Samsung's largest union calls its first-ever strike

Union membership grew after the company pledged to stop squashing organized labor activities.


Samsung's largest workers' organization, the National Samsung Electronics Union, has announced that it's planning to stage a walkout next week as part of its fight for fair compensation. Members are threatening to skip work for a day, on June 7, in hopes that the company would listen to their demands after their wage negotiations over the past months had come to a standstill. If it pushes through, BNN Bloomberg says it'll be the first strike ever by the company's employees since Samsung was founded. As Reuters reports, Samsung agreed to a 5.1 percent increase in wages this year, but the union is also negotiating to add one more day to workers' annual leaves and for more transparency when it comes to performance bonuses.

"What we want is not a 1-2 percent wage increase. What we want is to be paid fairly for the amount of work done," union leaders said in front of Samsung's offices in Seoul. "We want to be compensated for our labor fairly and transparently."

The National Samsung Electronics Union has 28,000 members, which represent over a fifth of the company's workforce. Union leaders aren't expecting the strike to have a significant impact on Samsung's production since most of its manufacturing processes are automated anyway, but they're still hoping that their walkout could compel the company to take them seriously. The union certainly has more power to negotiate now — apparently, its membership grew four-fold over the past couple of years after the company pledged to stop its union-busting schemes.
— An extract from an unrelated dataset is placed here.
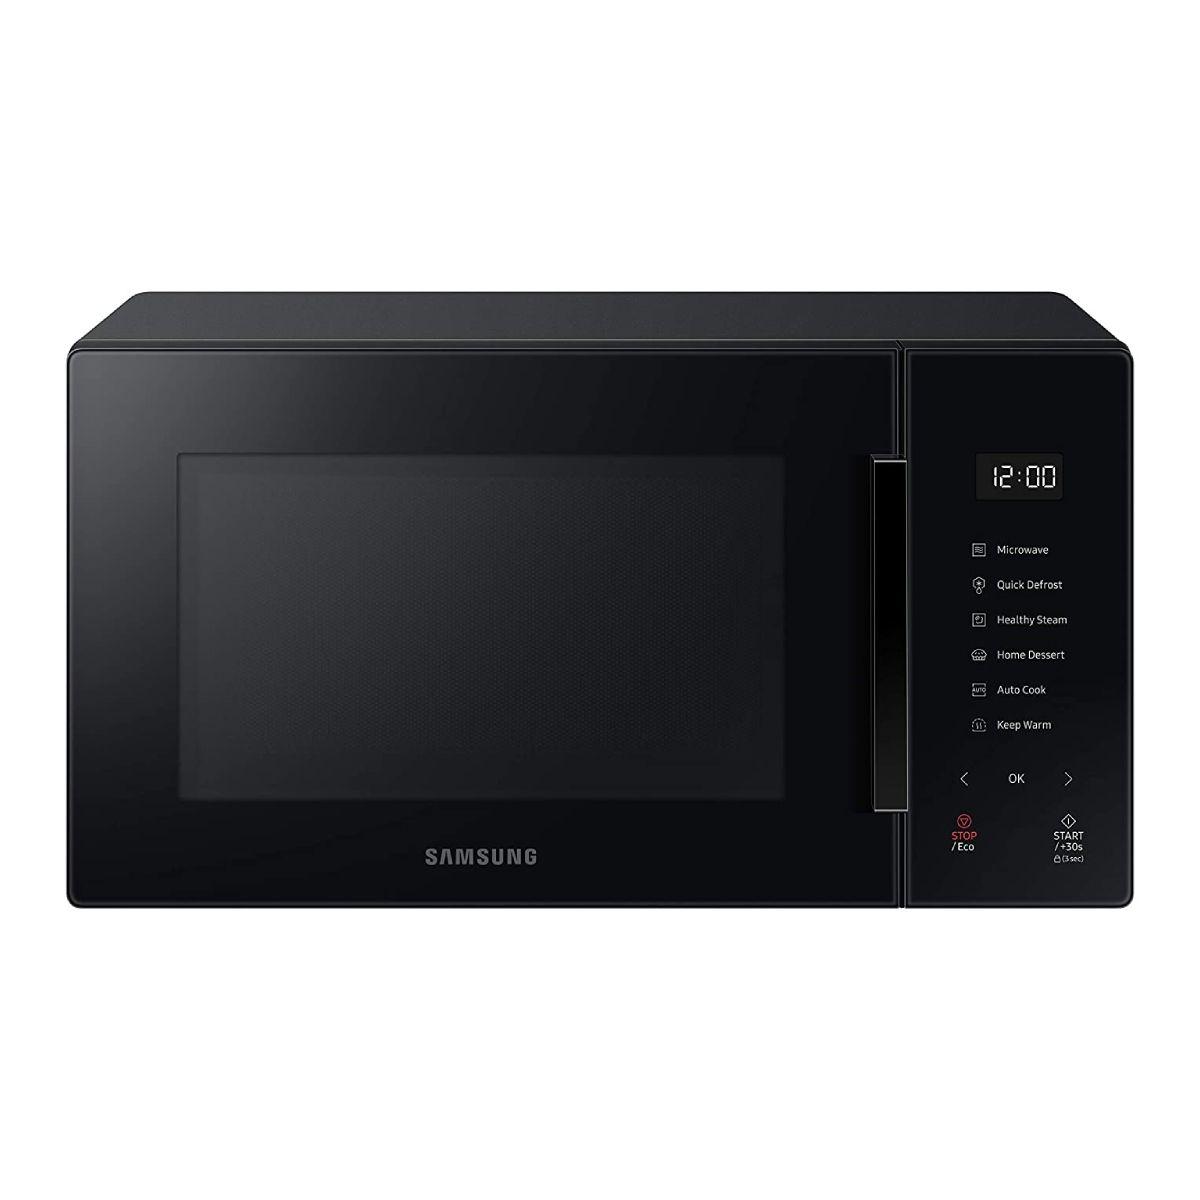 SAMSUNG 23 L Baker Series Microwave Oven (MS23T5012UK)
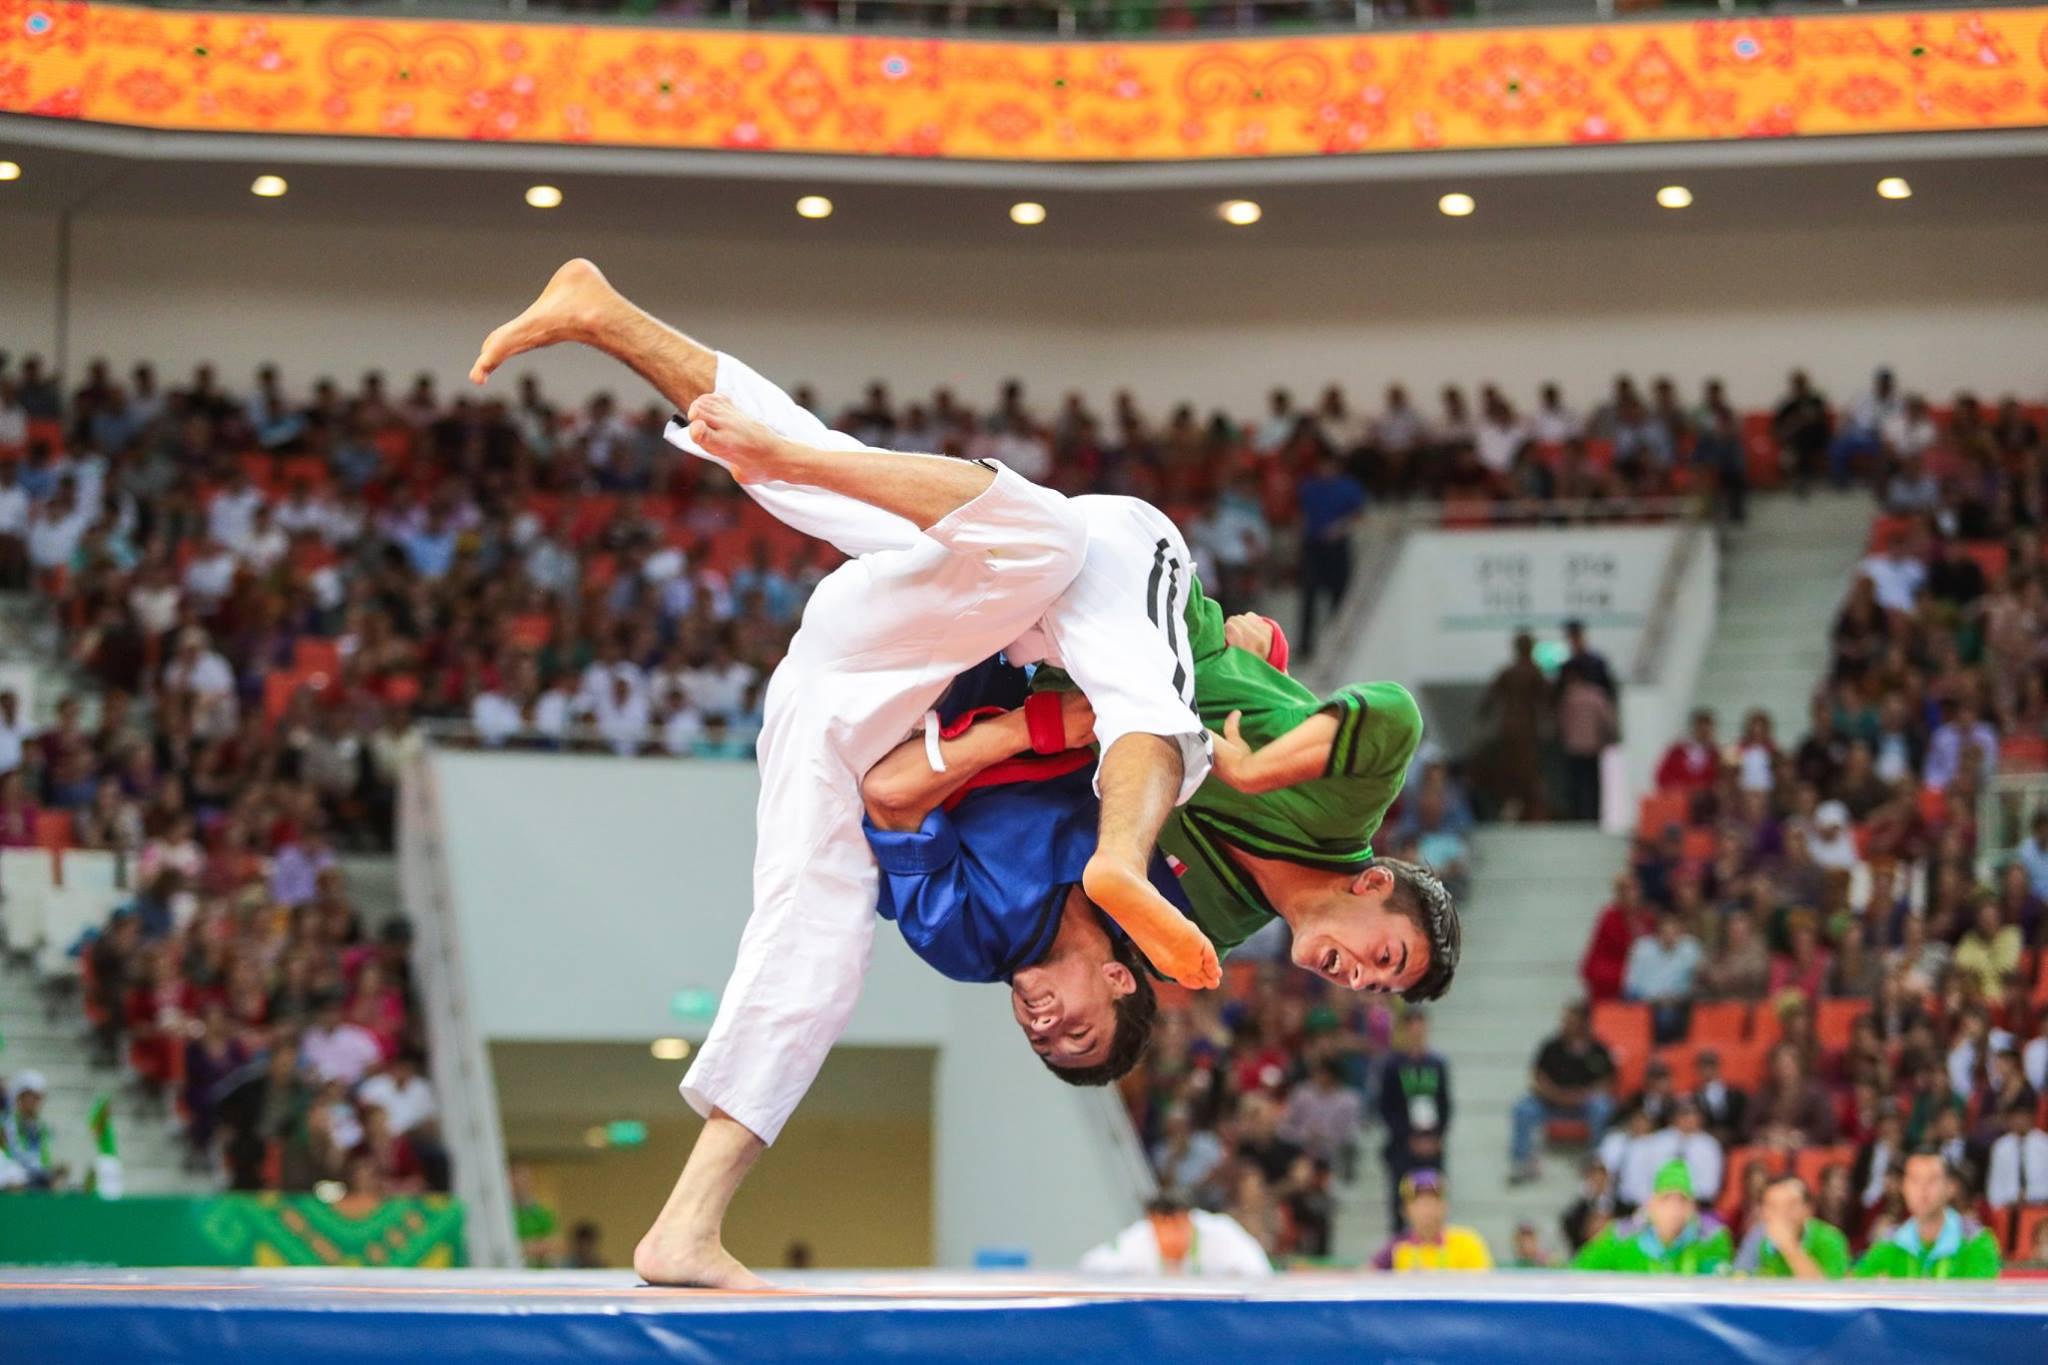 Turkmenistan's Tirkisgeldi Aýazow beat Tajikistan's Mehrzod Sufiev on his way to claiming the men's alysh free under 60 kilograms title in belt wrestling ©Ashgabat 2017/Facebook

Samsung used to be notorious for suppressing organized labor activities. In 2018, board chairman Lee Sang-hoon was indicted for sabotaging legitimate labor activities by threatening to lower wages of employees who join them, deliberately stalling negotiations between management and laborers and digging up dirt on key union personnel to persuade them to cease their activities. Lee stepped down as chairman of the board in 2020, the same year Samsung's Executive Chairman Jay Y. Lee promised to end the company's union-busting practices.

The union said, however, that there's "no change in the management’s attitude" despite Lee's promise to eliminate non-union management. "We can no longer stand by the company's lack of will to negotiate," it added. If the company refuses to engage in meaningful talks, the union is planning to stage more walkouts in the future. A Samsung spokesperson told BNN Bloomberg, however, that "the company remains committed to engaging in good faith negotiations with the unions, and is making every sincere effort to an agreement."